States enact data breach notification requirements
On May 10, the New Jersey governor signed S 52, which amends the state’s data breach notification provisions. The amendments expand the definition of “personal information” to include “user name, email address, or any other account holder identifying information, in combination with any password or security question and answer that would permit access to an online account.” The amendment further permits breached entities to provide individuals, whose account access credentials have been compromised, with the opportunity to promptly change online account information, so long as the notification is not sent to an email account subject to the security breach. The amendments take effect on September 1.
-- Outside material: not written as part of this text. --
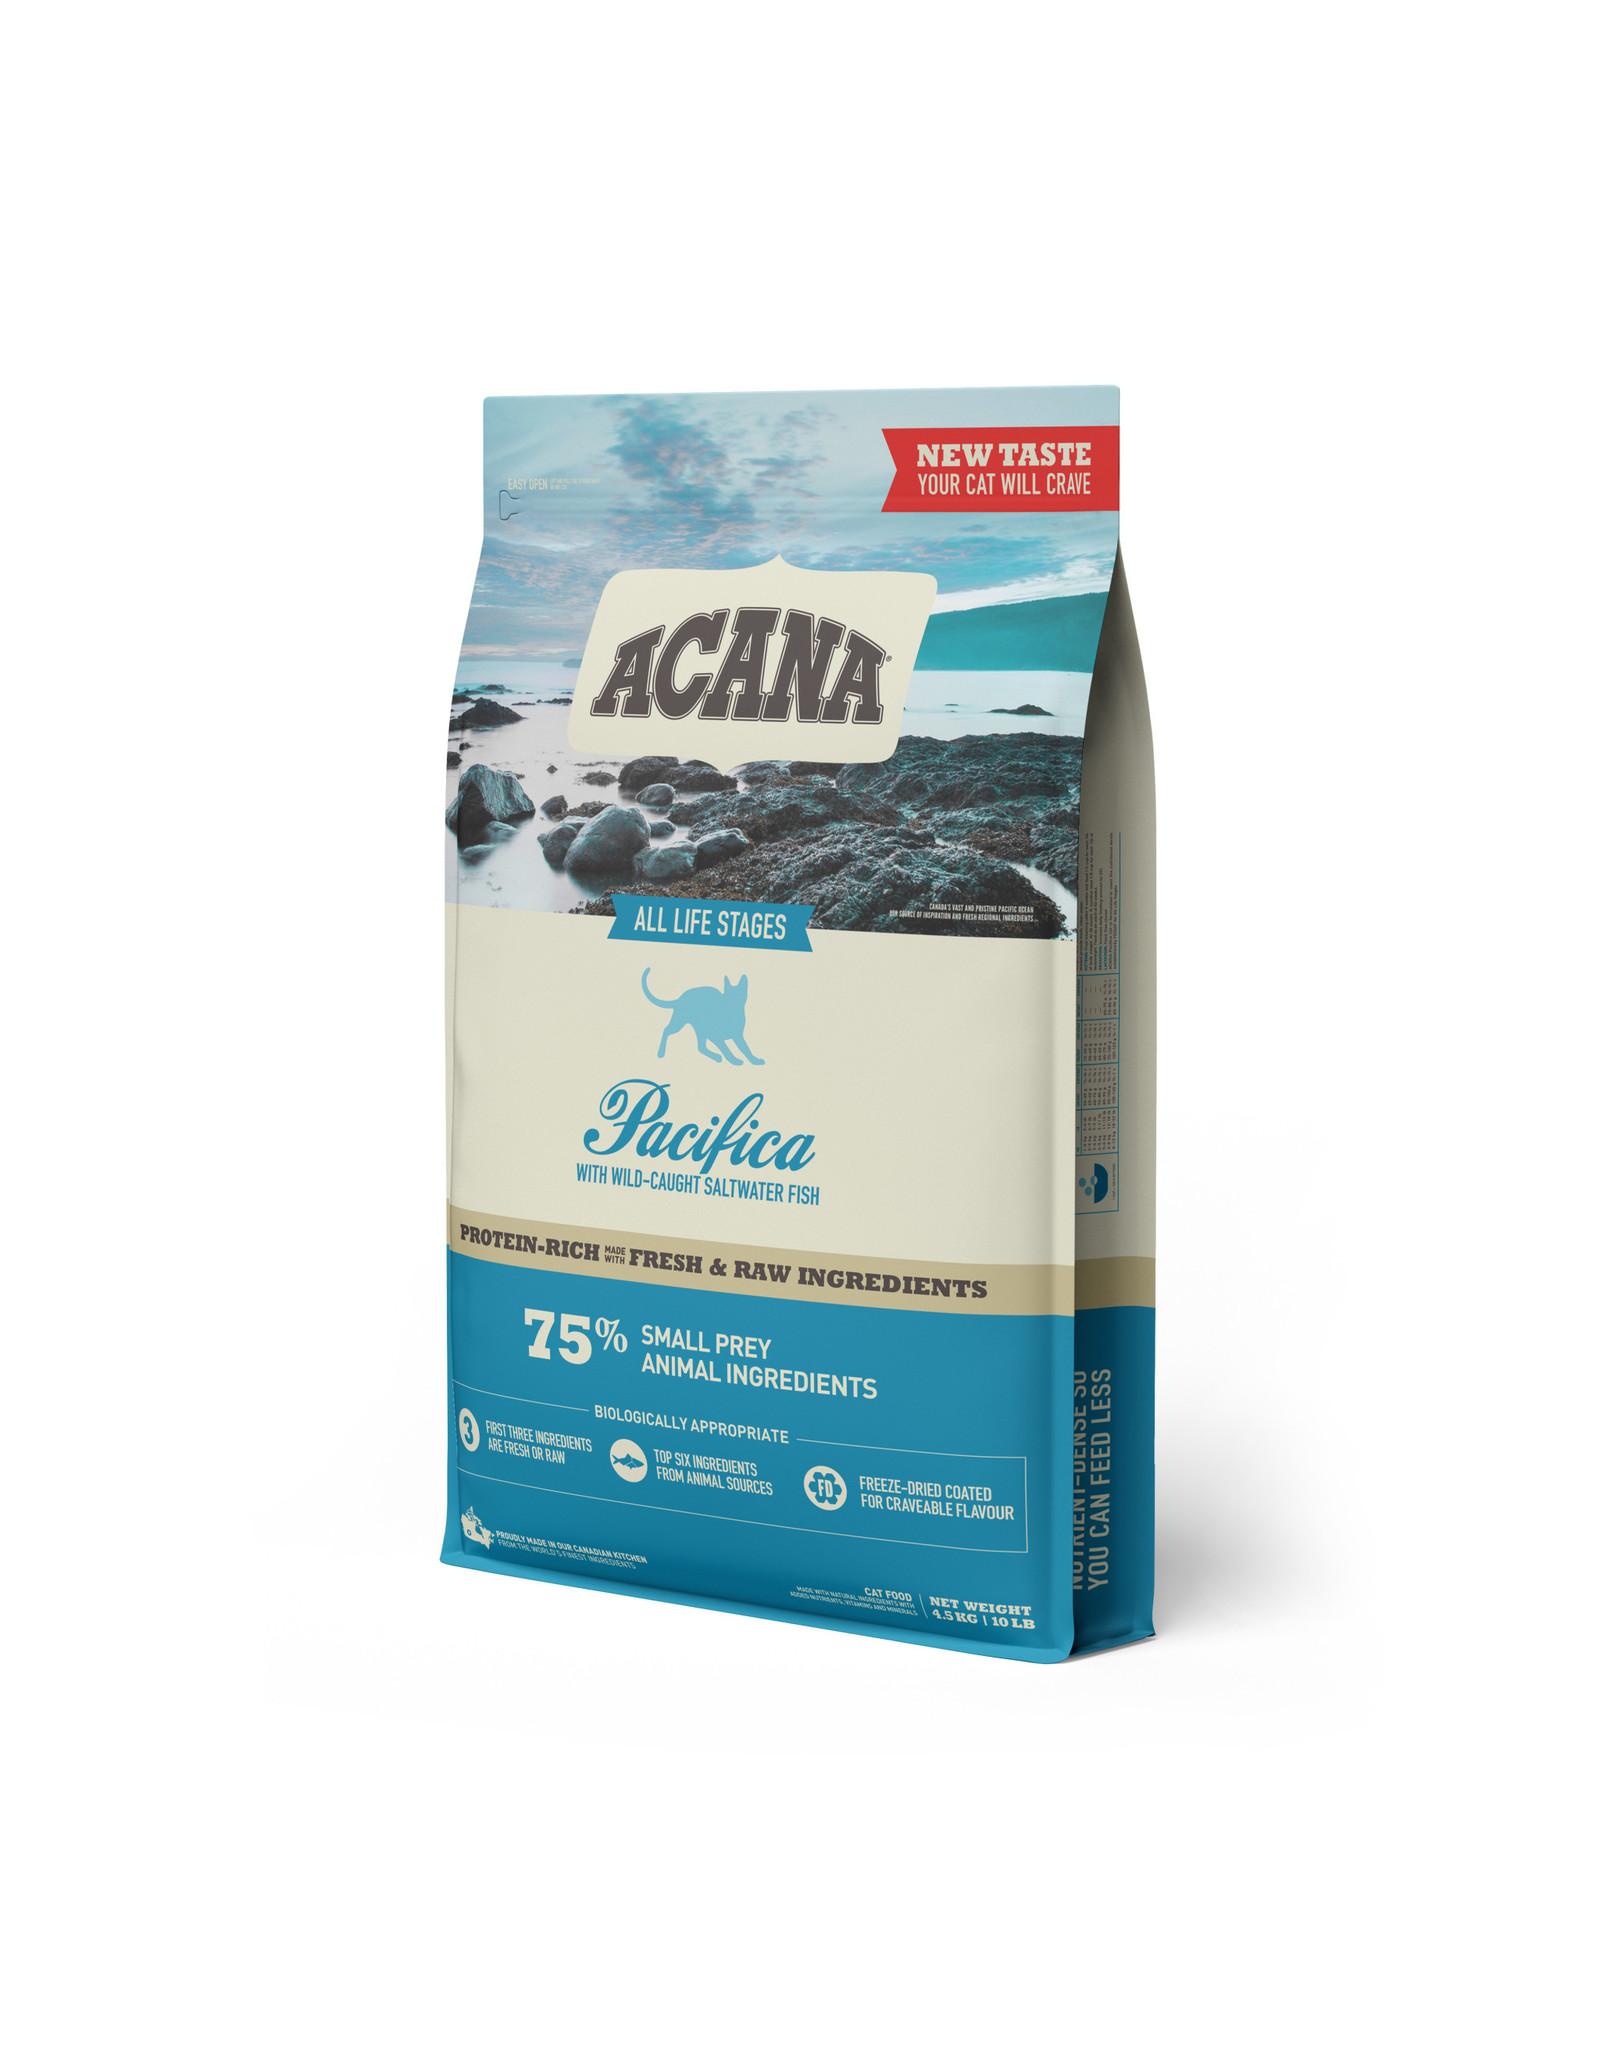 Acana Acana Pacifica [CAT]

On May 7, the Washington governor signed HB 1071, which amends the state’s data breach notification law to, among other things, (i) narrow the window for post-breach notification to affected individuals and to the state Attorney General, if applicable, from 45 days to 30 days after discovery; (ii) require notifications to contain the date of the breach and the date of the discovery of the breach, if known; (iii) permit electronic notification to affected individuals, which must instruct them to promptly change passwords and security questions or answers, as applicable; and (iv) significantly expand the items included in the notice to the Attorney General, including a summary of steps taken to contain the breach. In addition, HB 1071 expands the definition of “personal information” to include, among other things, the full birth date; a private key unique to an individual that is used to authenticate or sign electronic records; student, military, or passport ID numbers; health insurance identification numbers; biometric data or medical history; and user names and email addresses combined with passwords or security questions. The amendments take effect March 1, 2020.